*** WORKING DATA ***

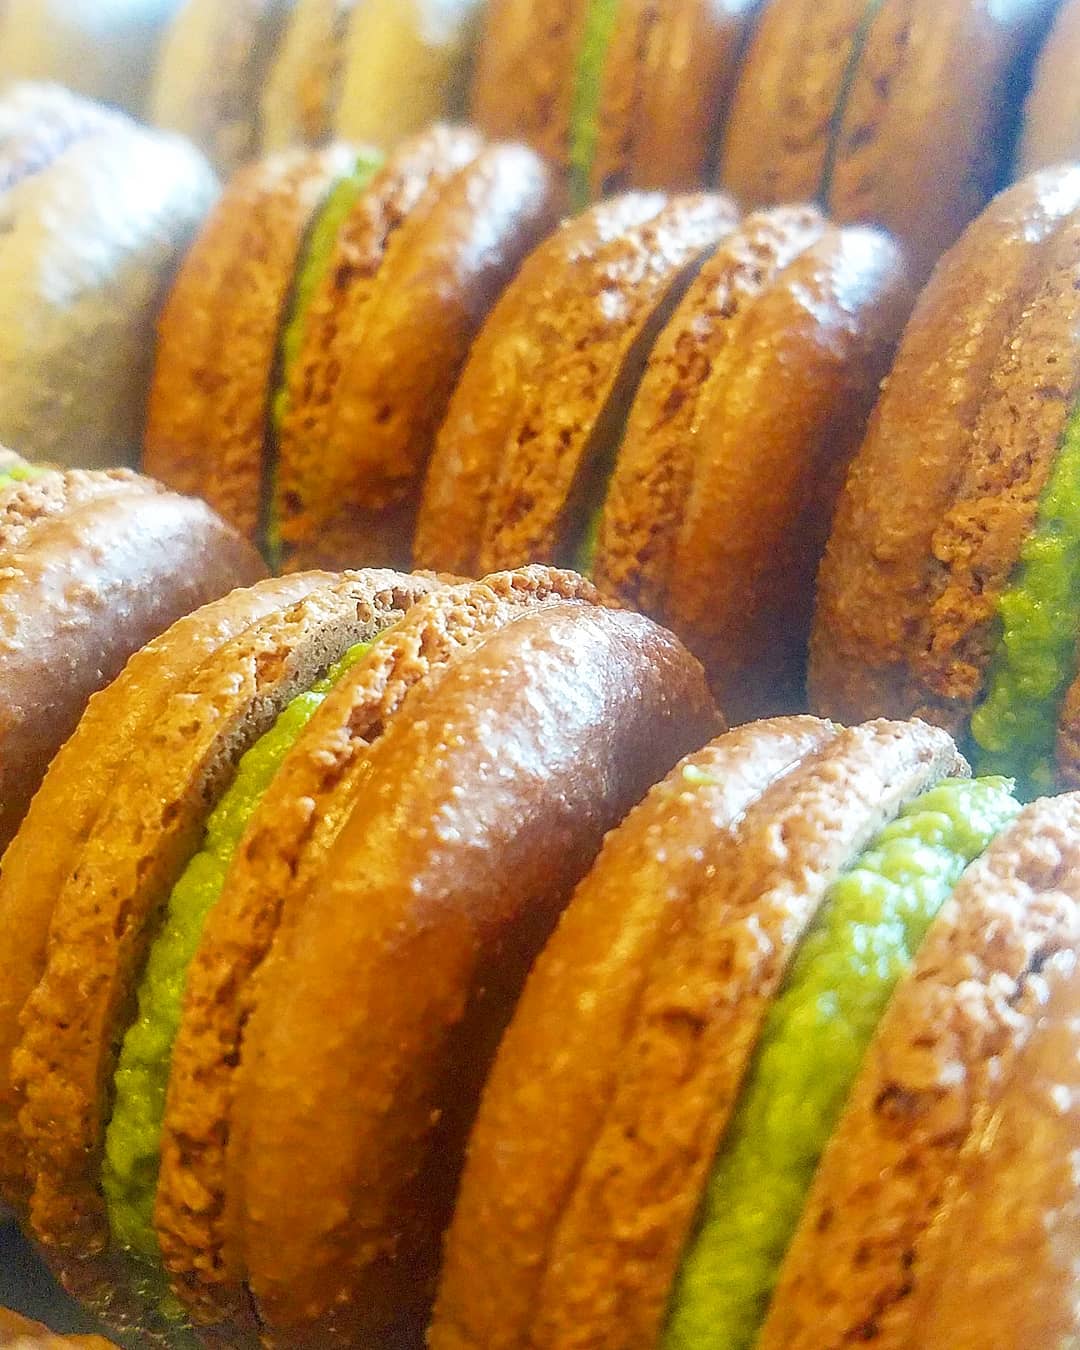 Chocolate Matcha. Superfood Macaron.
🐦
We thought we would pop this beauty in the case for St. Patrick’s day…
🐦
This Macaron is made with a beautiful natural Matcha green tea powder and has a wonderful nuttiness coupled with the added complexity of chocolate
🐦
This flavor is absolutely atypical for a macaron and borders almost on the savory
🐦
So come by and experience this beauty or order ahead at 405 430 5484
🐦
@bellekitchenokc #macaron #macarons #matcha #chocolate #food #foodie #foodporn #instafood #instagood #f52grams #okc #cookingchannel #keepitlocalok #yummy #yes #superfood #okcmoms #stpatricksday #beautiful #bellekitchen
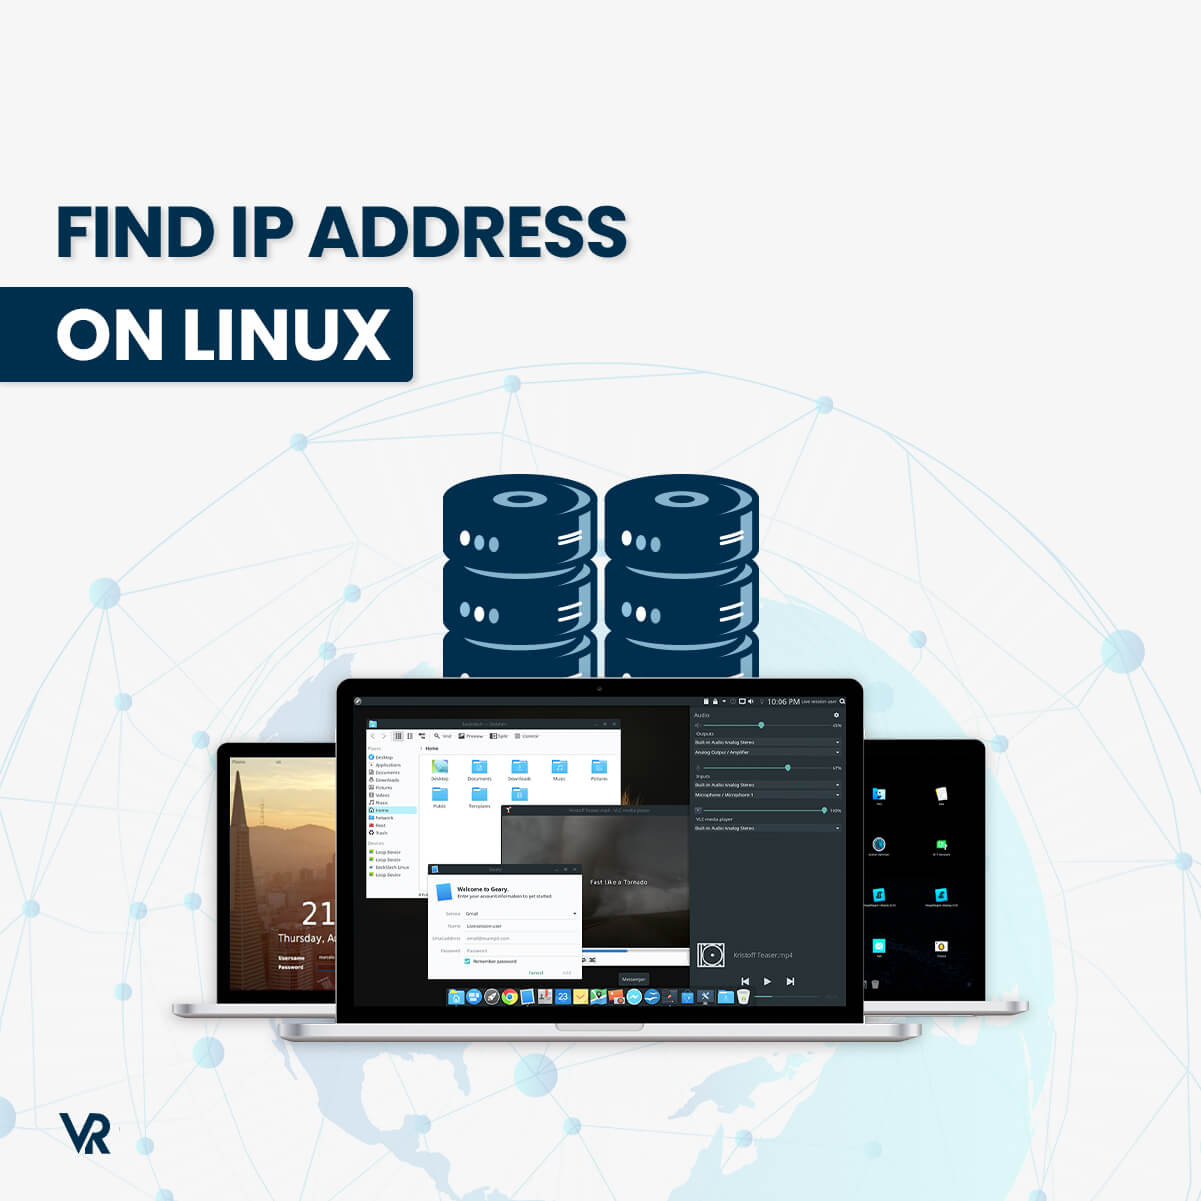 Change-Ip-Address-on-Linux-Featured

*** End of WORKING DATA ***

ACTION ITEM –
In the copy, no pictures should appear; the records themselves must be repeated exactly.

RESPONSE FOR THIS EXERCISE –
 Chocolate Matcha. Superfood Macaron.
🐦
We thought we would pop this beauty in the case for St. Patrick’s day…
🐦
This Macaron is made with a beautiful natural Matcha green tea powder and has a wonderful nuttiness coupled with the added complexity of chocolate
🐦
This flavor is absolutely atypical for a macaron and borders almost on the savory
🐦
So come by and experience this beauty or order ahead at 405 430 5484
🐦
@bellekitchenokc #macaron #macarons #matcha #chocolate #food #foodie #foodporn #instafood #instagood #f52grams #okc #cookingchannel #keepitlocalok #yummy #yes #superfood #okcmoms #stpatricksday #beautiful #bellekitchen
 Change-Ip-Address-on-Linux-Featured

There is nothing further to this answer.